Your assignment: Using the listing below, print the line containing "Musical Opinion on", the line containing "Employee Induction Checklist", and each line between them, exactly and nothing else. Pictures stay out of the print.

Listed records:
++++
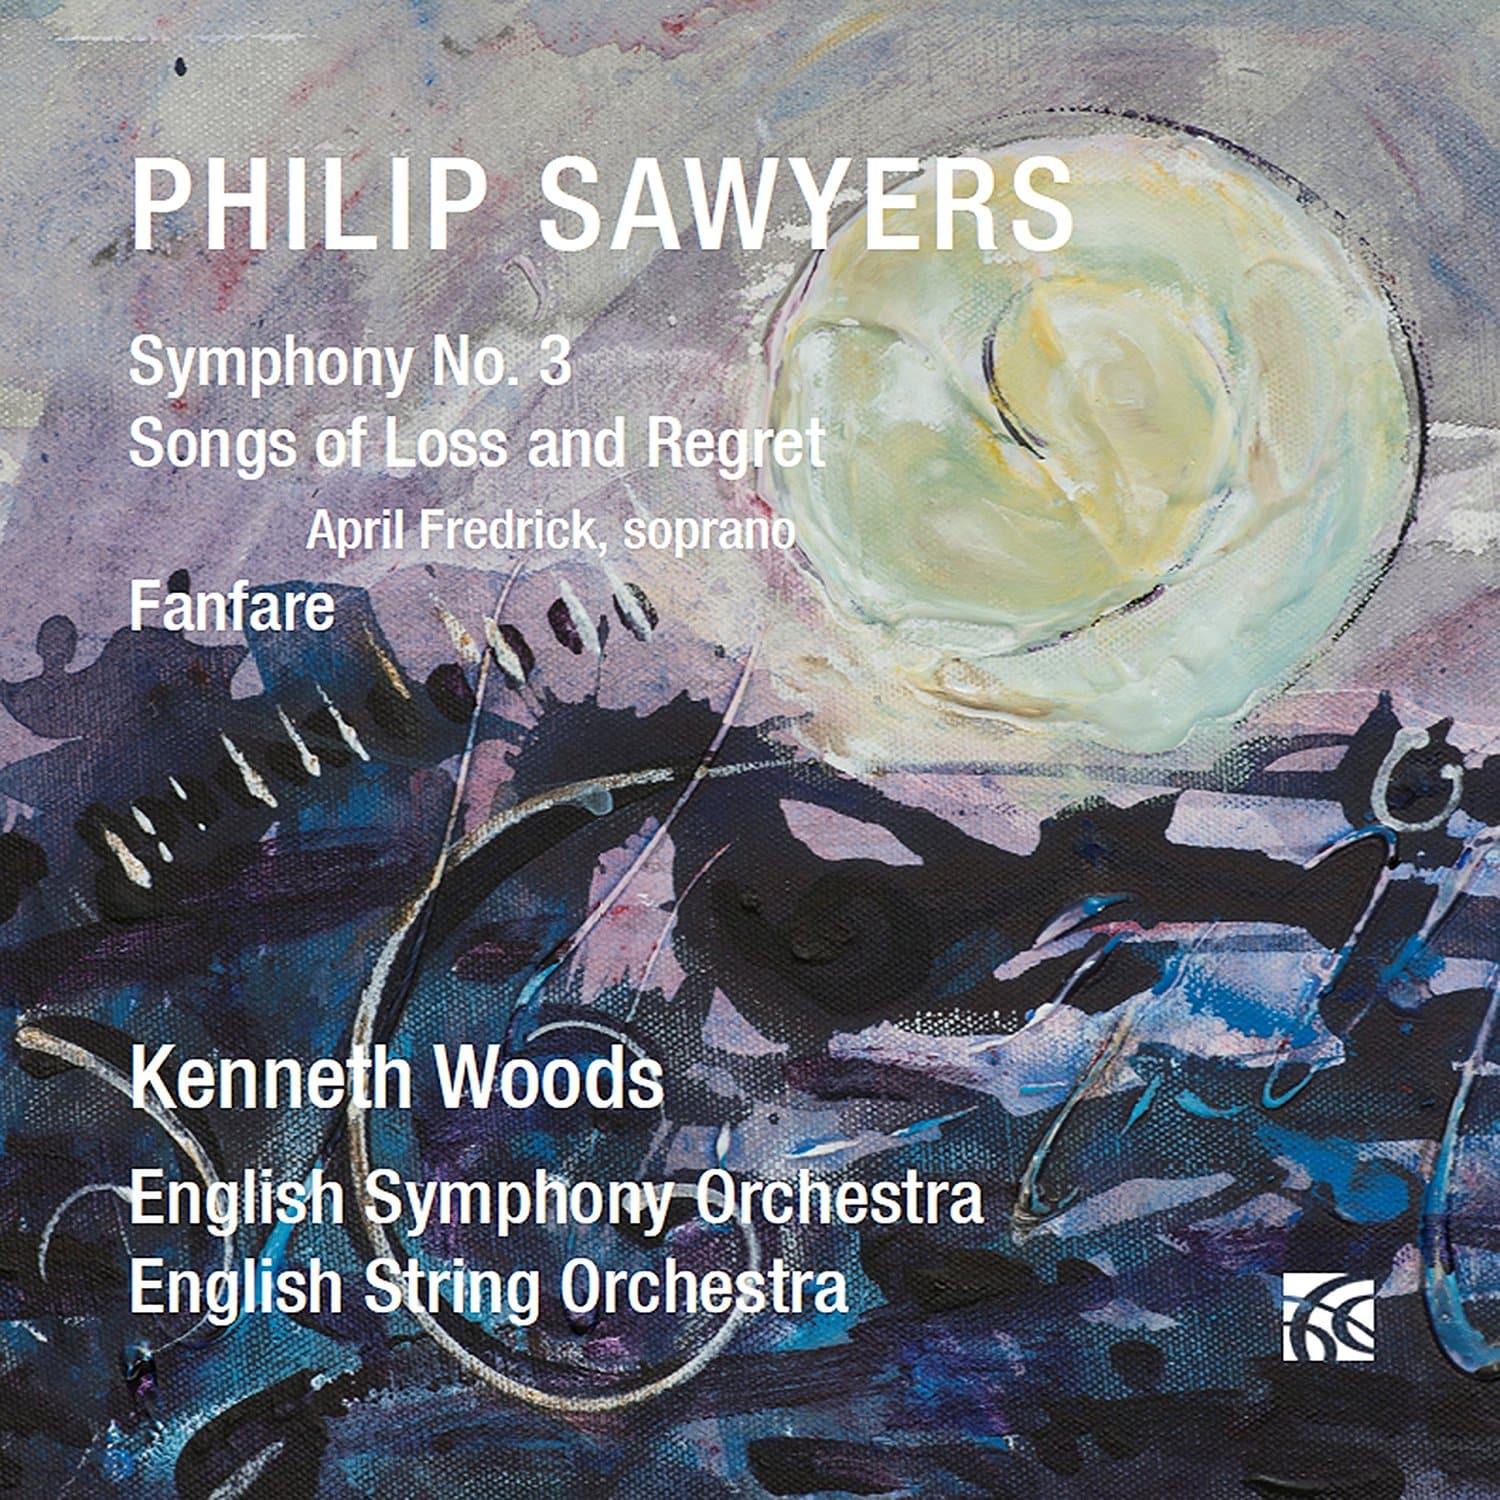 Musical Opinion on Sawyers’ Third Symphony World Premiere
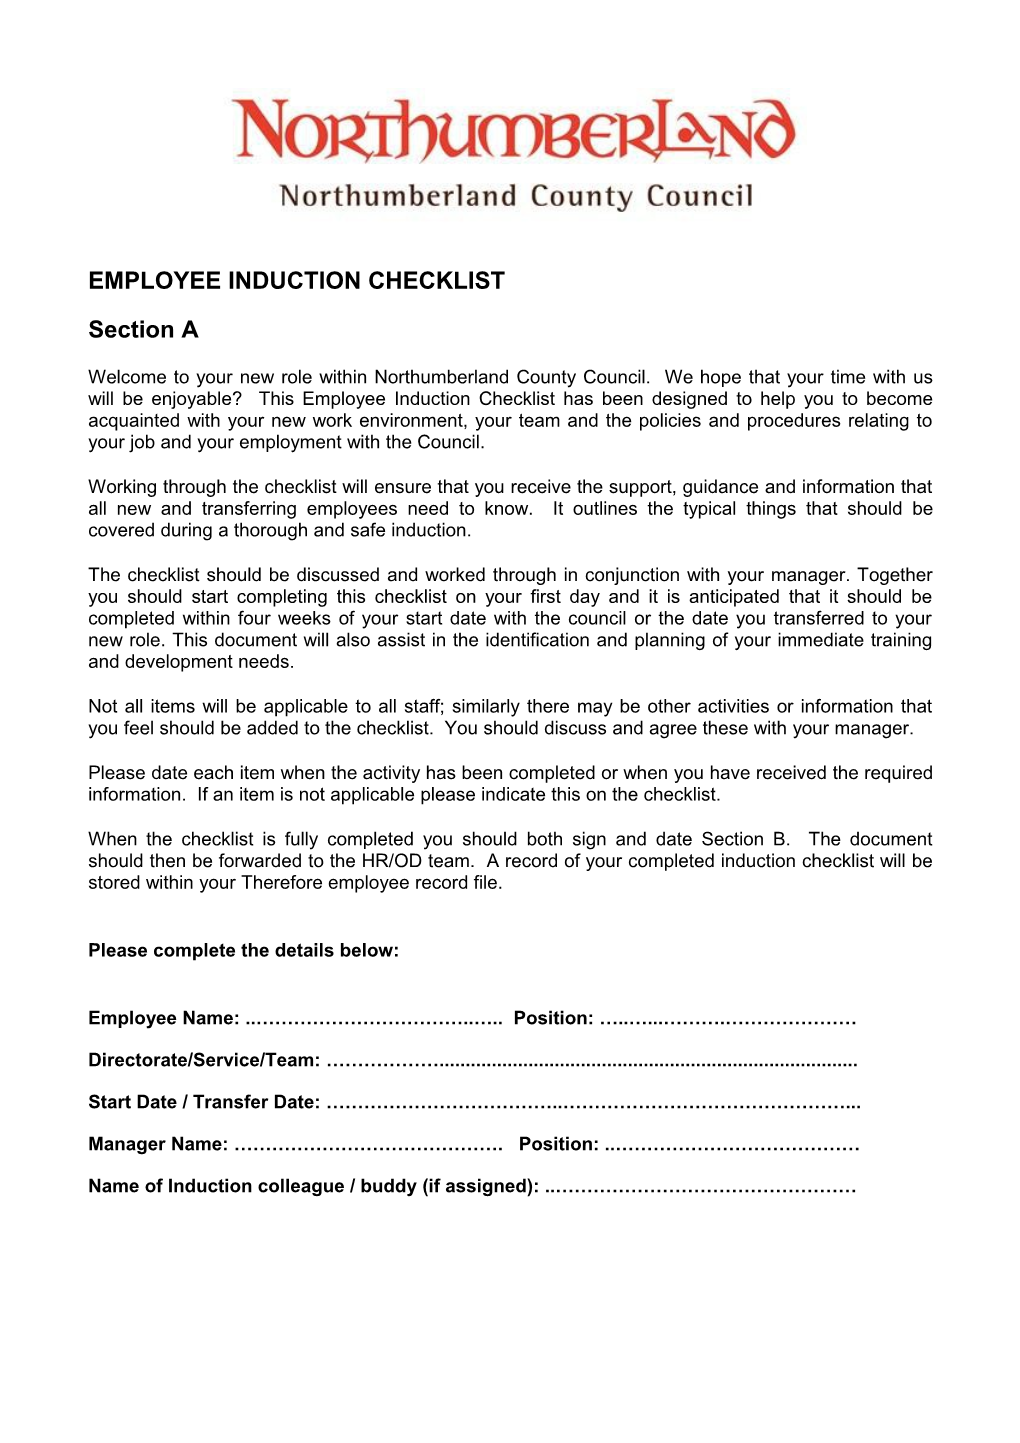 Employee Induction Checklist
++++
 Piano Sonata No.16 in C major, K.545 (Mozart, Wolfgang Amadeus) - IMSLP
++++
Answer for the task:
 Musical Opinion on Sawyers’ Third Symphony World Premiere
 Employee Induction Checklist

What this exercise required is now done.